Australian cybersecurity expert Chris Moberly at GitLab, discovered a dangerous error in Firefox for Android browser (desktop versions were not affected by the problem). Essentially, this bug was used to force users on the same Wi-Fi network to access malicious sites (provided the victims had Firefox installed).
The vulnerability was related to the operation of the Firefox SSDP (Simple Service Discovery Protocol) component. With this mechanism, Firefox detects other devices on the same network and can share content with them. So, if other devices are found nearby, Firefox SSDP gets access to the XML file, where the configuration of the “neighboring” device is stored.
Moberly discovered that intent commands could be hidden in this XML file, and older versions of Firefox would eventually execute an intent command that could, for example, direct the browser to a link.
Thus, a hacker can walk into a public place (for example, an airport or a shopping mall), connect to a local Wi-Fi network, and then run a script that will send modified SSDP packets to the network.
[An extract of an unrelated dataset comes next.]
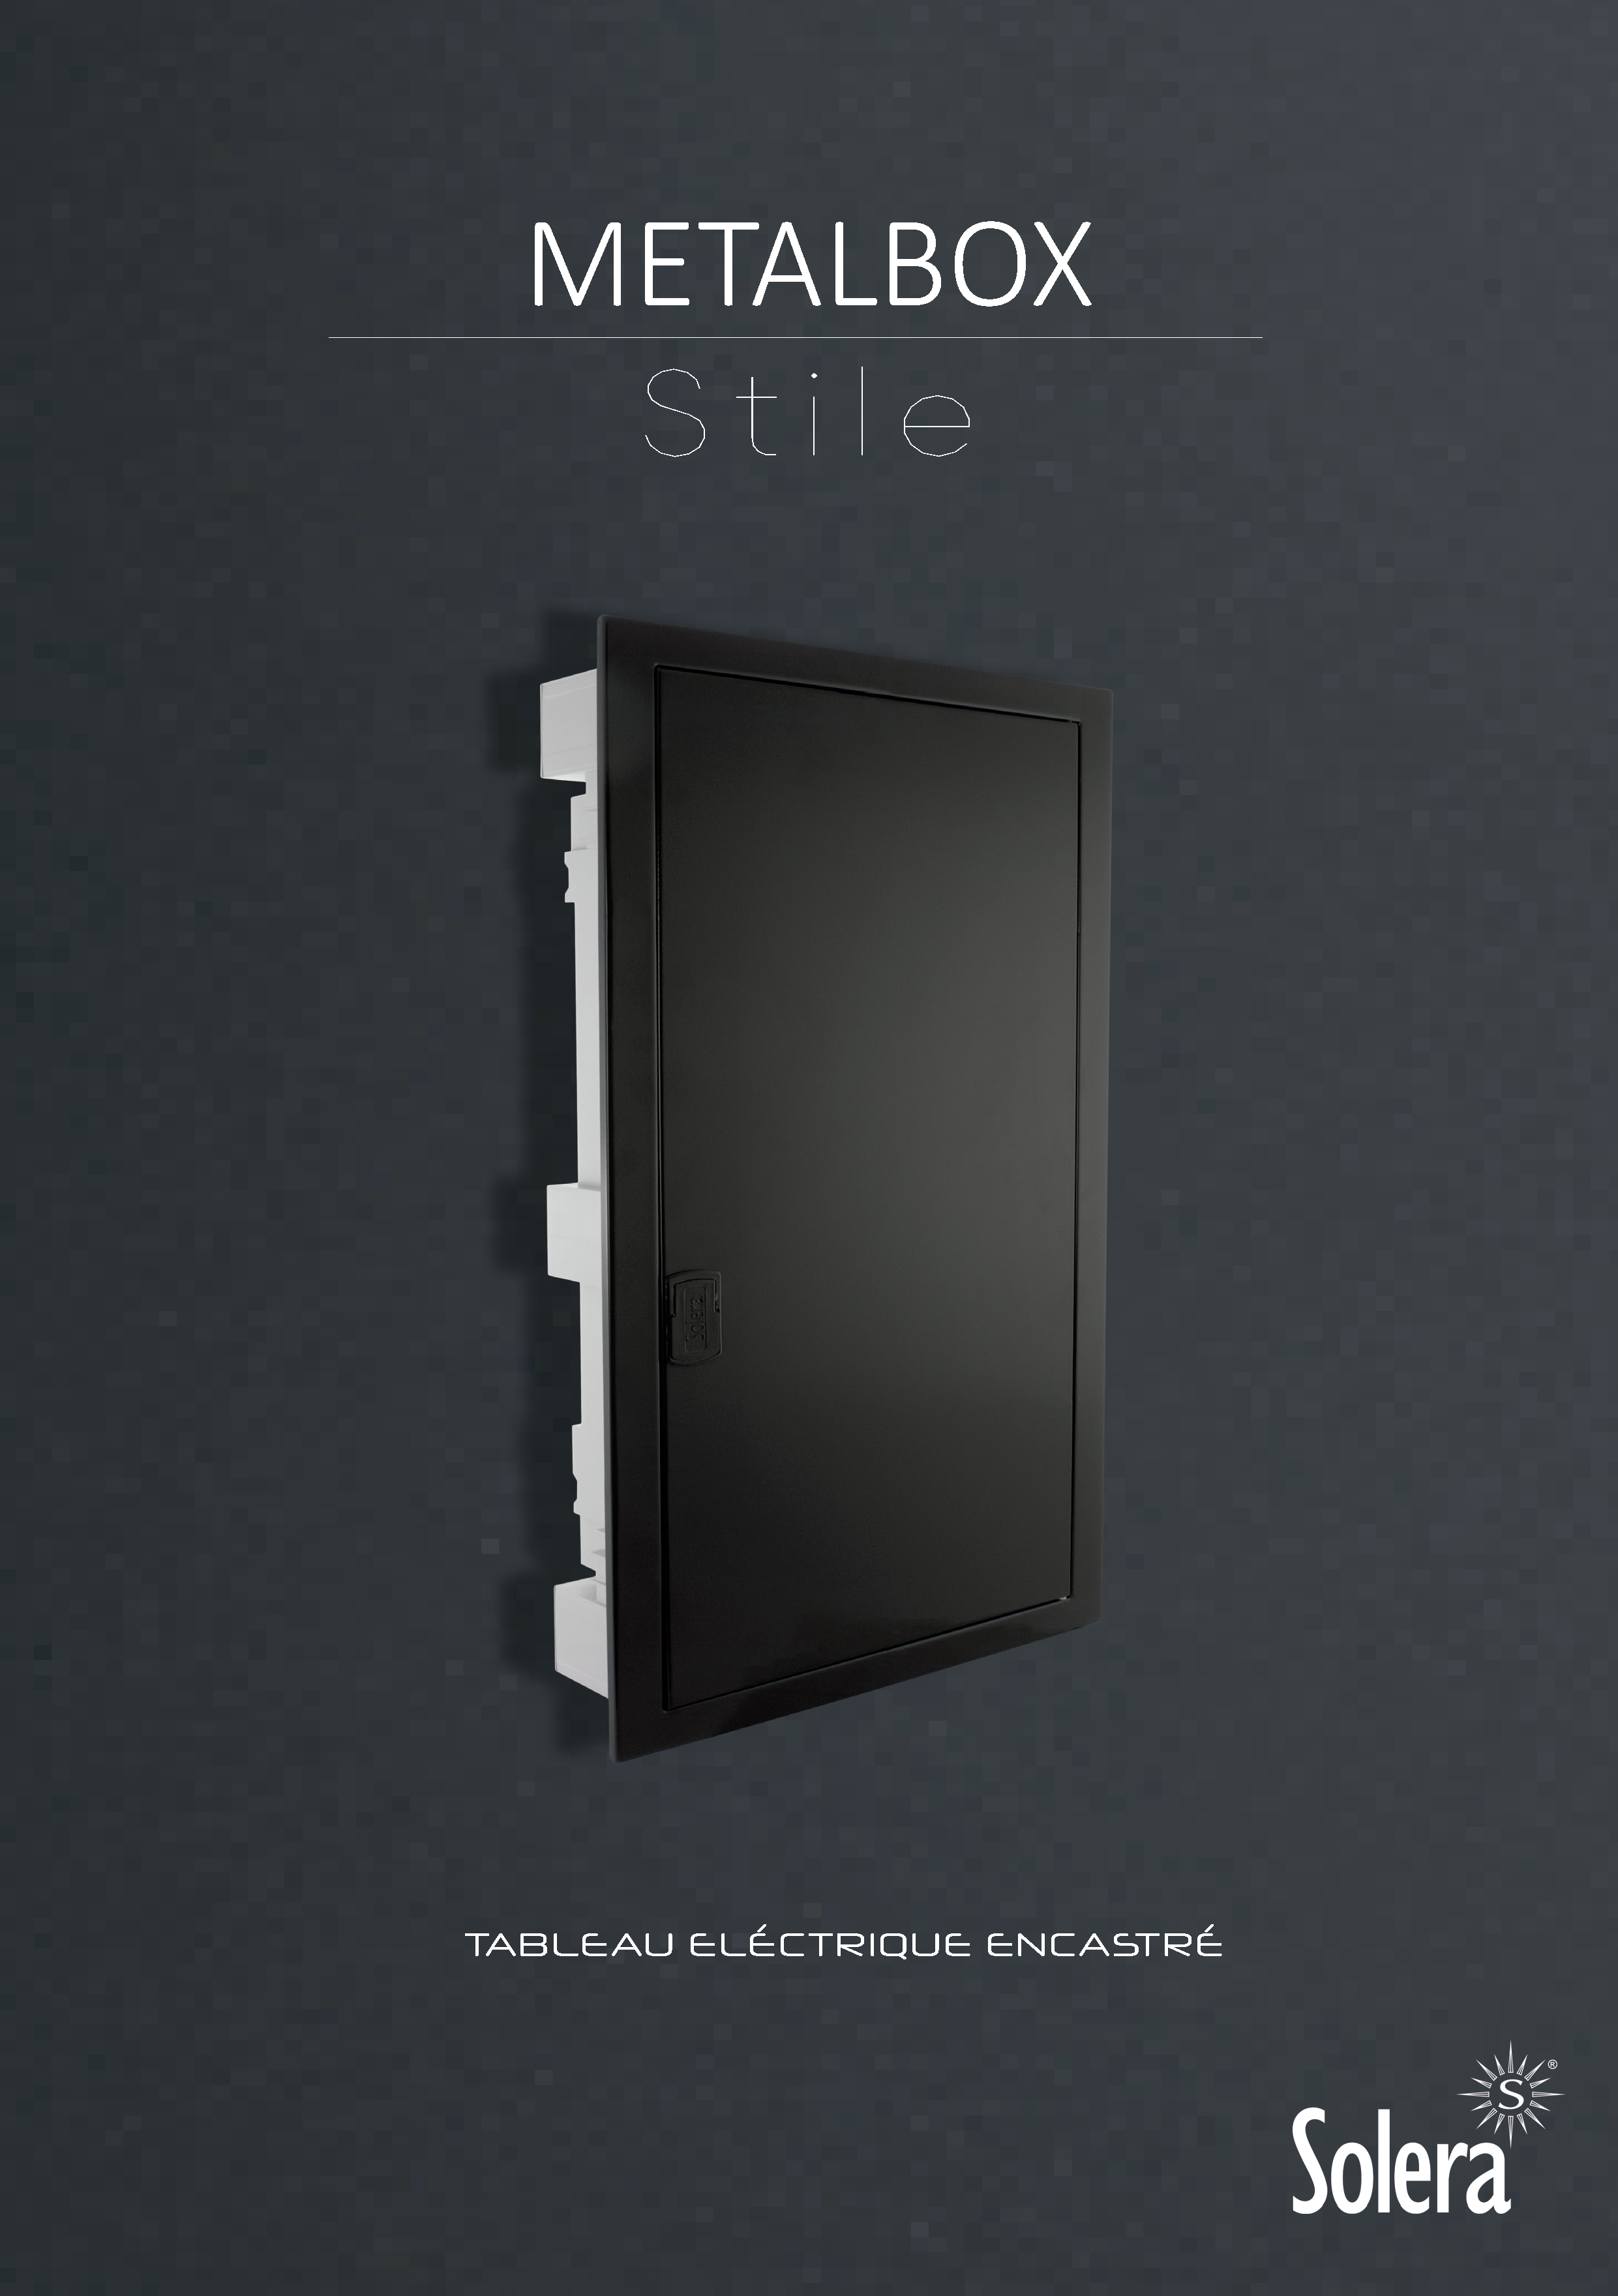 Metalbox Stile: Tableau eléctrique encastré

Any Android device owner who used the Firefox browser during this attack could end up at a malicious site or be forced to install a malicious Firefox extension.
Another example of exploiting a bug: an attacker can attack vulnerable Wi-Fi routers, and then spam the company's internal network, eventually forcing employees to re-authenticate on phishing pages.
A demonstration of the attack in practice can be seen below: the problem was exploited by Moberly himself and ESET expert Lucas Stefanko.
– initstring (@init_string) September 15, 2020
Exploitation of LAN vulnerability found in Firefox for Android
I tested this PoC exploit on 3 devices on same wifi, it worked pretty well.
I was able to open custom URL on every smartphone using vulnerable Firefox (68.11.0 and below) found by @init_string https://t.co/c7EbEaZ6Yx pic.twitter.com/lbQA4qPehq
– Lukas Stefanko (@LukasStefanko) September 18, 2020
Mozilla has fixed this bug in Firefox 79 and is now advising users to update their browser as soon as possible.